Donnie Schenck is still mad about Custer breaking his arm. Apparently his son has been getting a lot of mockery from the kids at school about his dad’s “bunny” noise. Donnie isn’t immune to it either, everyone seems to think Custer breaking his arm is hilarious, especially his son’s classmates. Donnie obviously does not.
Tulip tries to enlist Custer on that mission she keeps bringing up. Custer isn’t into the life of crime anymore, but when she labels it “justice,” Custer sings a different tune. Looks like Tulip has the last known address of Carlos, a “stealing, children-killing son of a b—h,” as she puts it, who wronged them in the past. The temptation of killing Carlos is apparently too great and Custer jumps at the opportunity. But on their way to Carlos, Custer gets intercepted at a gas station bathroom by Donnie, who has planned some sort of ill-advised revenge scheme, which fails miserably. Custer orders Donnie to put the gun he’s holding into his mouth and almost asks him to pull the trigger. But Custer hesitates and decides otherwise, which leaves Donnie weak and scared out of his too-tight polo. Custer finally “gets it,” which we’ll just assume means the purpose of his newfound power, and changes his mind about his trip with Tulip, deciding to let God handle Carlos’s fate – much to Tulip’s frustration.
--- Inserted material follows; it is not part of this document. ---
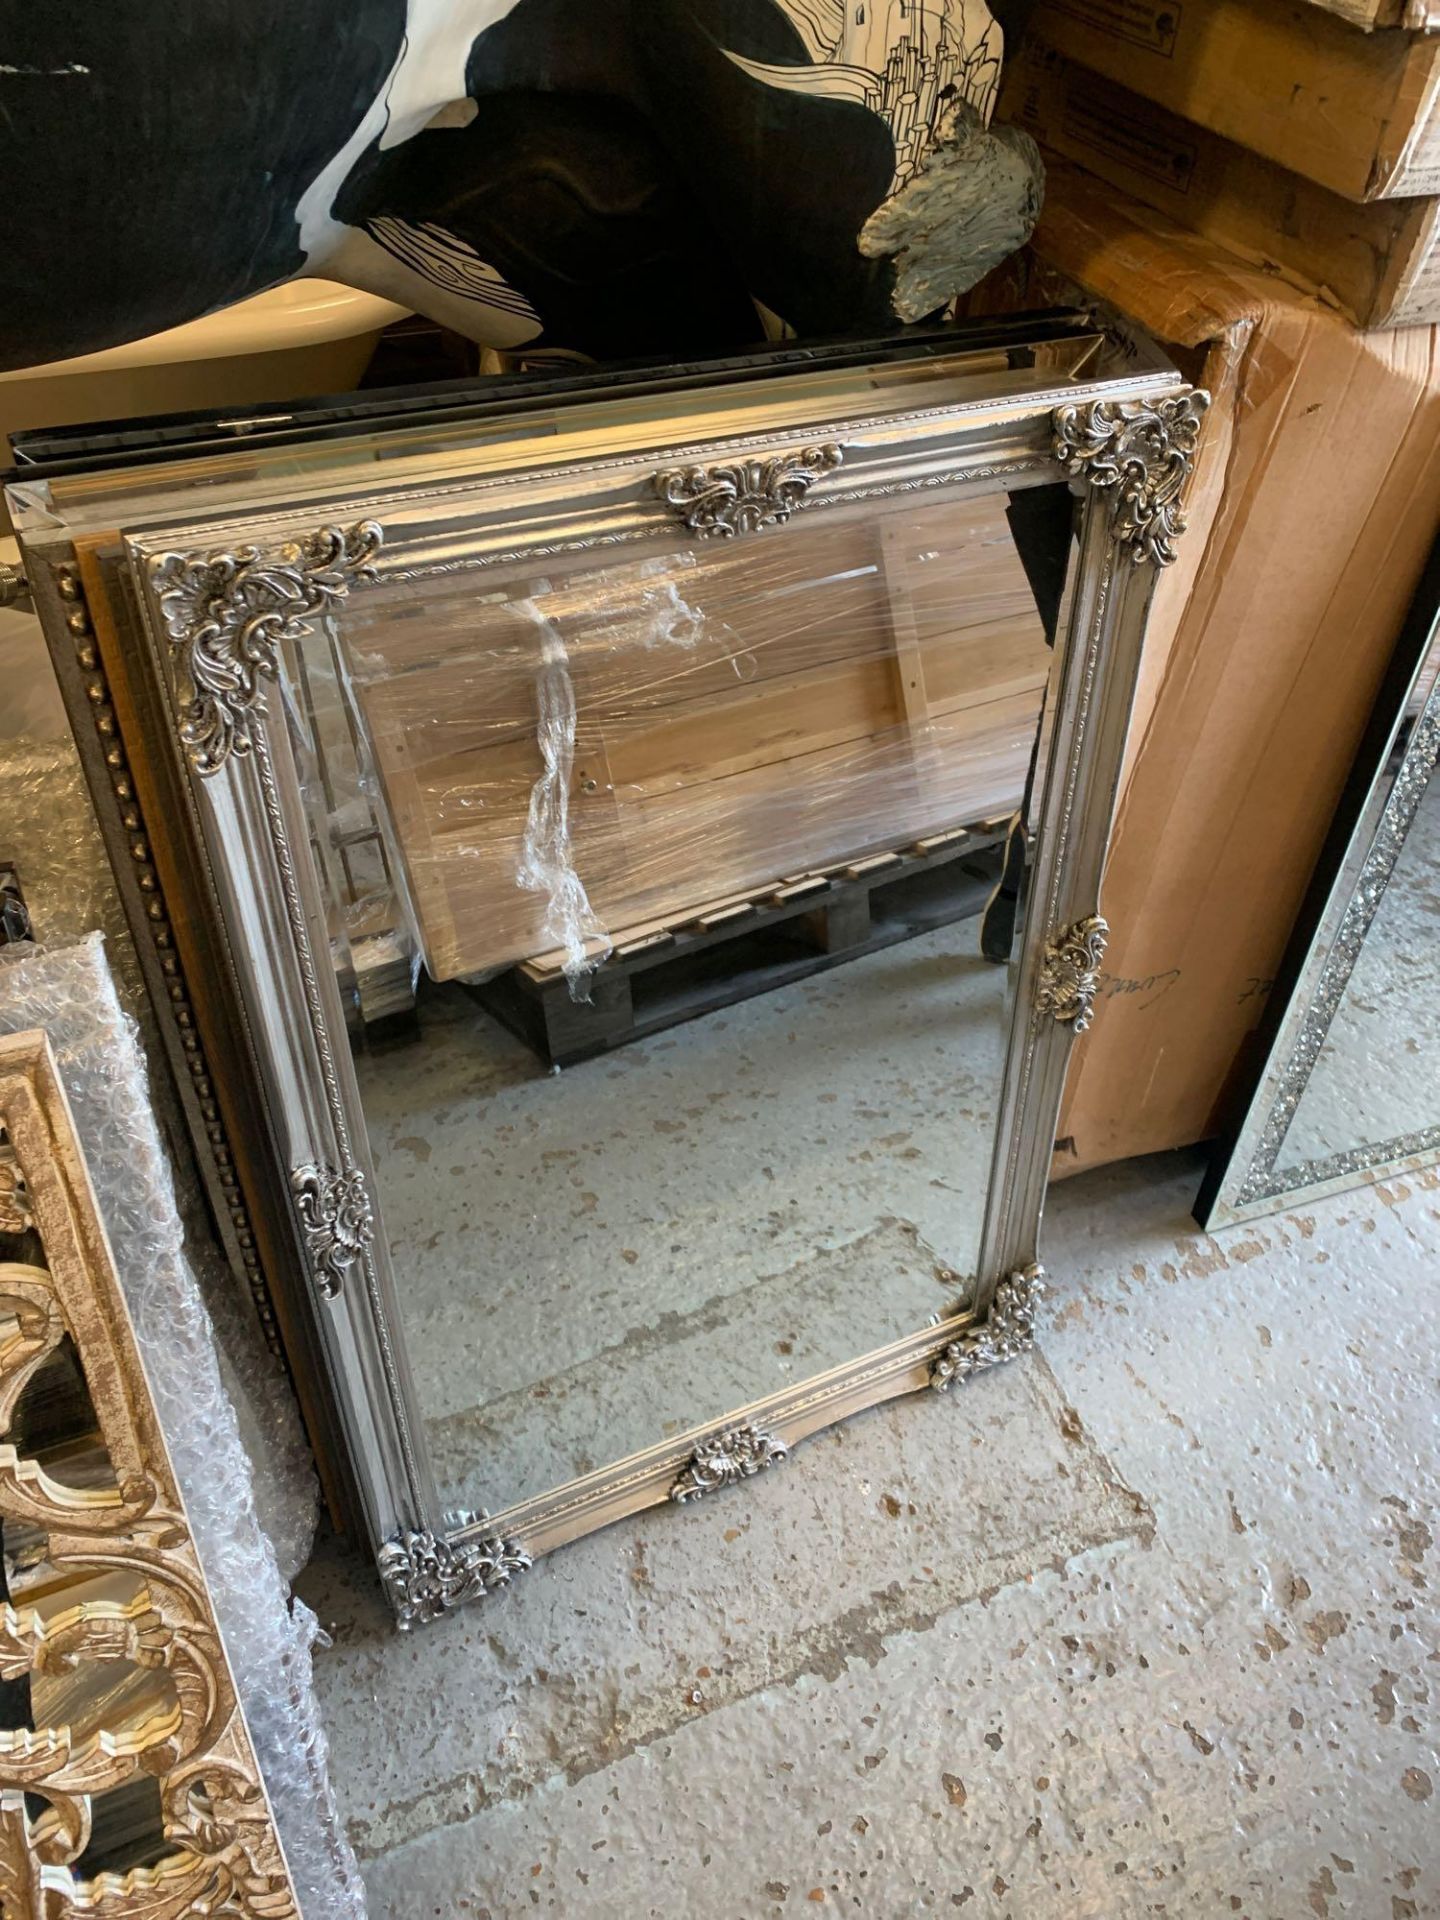 Fiennes Rectangle Mirror Silver 610 X 920mm This Vintage Inspired Piece Rectangle Mirror With Its

Compared to the bloody twists and turns of the first two episodes, “The Possibilities” didn’t live up to the promise of its title — ending without a cliffhanger and overall feeling a little lackluster, although it was good to get some answers about DeBlanc and Fiore, not to mention some insight into Jesse and Tulip’s troubled past.
Before you leave:
We get to see a little more of Odin Quincannon in this episode. He’s a strange dude – he finds cow slaughter sounds soothing. He’s inscrutable and so far, not too verbal.
Eugene idolizes Custer and seems somewhat naïve, considering what he’s been through. His pessimistic father only chastises his optimistic perspective on life. But all Eugene really wants is to connect with the world, the people in it, and God. Seriously, when is the kid going to catch a break?